By using (1) we get that: $$\begin{array}{rl}f(m)& =f(m-1)+1=f(m-2)+2=\cdots =f(2)+m-2=m-1.\end{array}$$ for every $m\in \mathbb{N}$, since $f(2)=1$ (see below).

Now, let's check $f(2)$. If $f(2)=-1$, as above, we get a contradiction. So $f(2)=1$.

Now substituting $x=y=1$, we get $f(1)=f^2(1)+f(2)-1$. So $f(1)=0$ or $f(1)=1$. If $f(1)=1$ then substituting $x=x$, $y=1$ we get $f(x)=f(x)\cdot f(1)+f(x+1)-1$ from this $f(x+1)=1$. Substituting $x=-1$ then $f(0)=1$ which is a contradiction with $f(0)=-1$.

Now we have $f(0)=-1$, $f(1)=0$, $f(2)=1$. For every $x\in \mathbb{Q}$: $f(x)=f(x)\cdot f(1)+f(x+1)-1\iff$ $$\iff f(x+1)=f(x)+1.(3)$$

Then for every $m\in \mathbb{N}$ $$f(m)=f(m-1)+1=f(m-2)+2=\cdots =f(2)+m-2=m-1.$$

Also, $$0=f(1)=f\left(m\cdot \frac{1}{m}\right)=f(m)\cdot f\left(\frac{1}{m}\right)+f\left(m+\frac{1}{m}\right)-1$$ By using (3) $$\begin{array}{rl}f\left(m+\frac{1}{m}\right)& =f\left(m-1+\frac{1}{m}\right)+1=\cdots =f\left(\frac{1}{m}\right)+m\iff \\ \iff 0& =(m-1)f\left(\frac{1}{m}\right)+f\left(\frac{1}{m}\right)+m-1\end{array}$$ So we get $f\left(\frac{1}{m}\right)=\frac{1}{m}-1$.

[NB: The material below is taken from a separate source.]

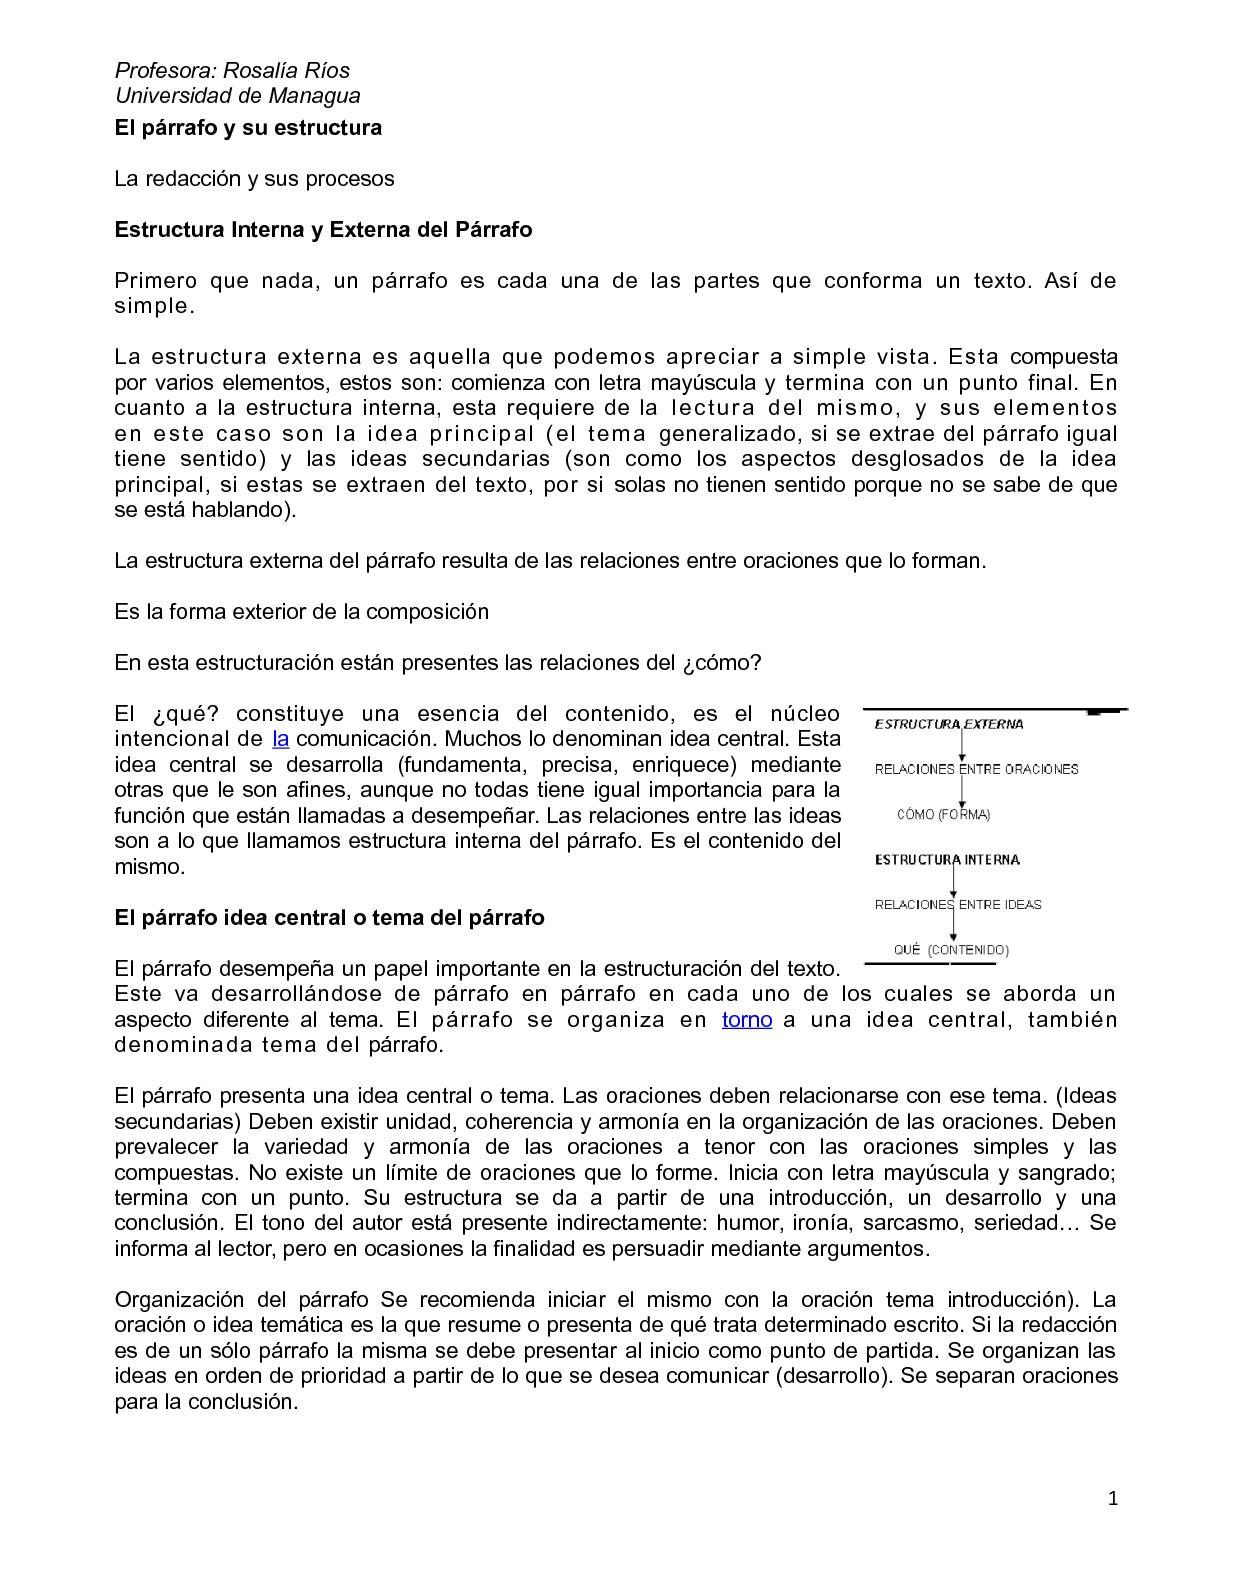 Calaméo El Parrafo Y Su Estructura 1 1

Now for every $m,n\in \mathbb{N}$, $$\begin{array}{rl}f\left(\frac{n}{m}\right)& =f(n)\cdot f\left(\frac{1}{m}\right)+f\left(n+\frac{1}{m}\right)-1=\\ & =(n-1)\cdot \left(\frac{1}{m}-1\right)+n+\frac{1}{m}-1-1=\frac{n}{m}-1.\end{array}$$

Therefore, the solutions are: for every $x\in \mathbb{Q}$, $f(x)=-1$ or $f(x)=x-1$.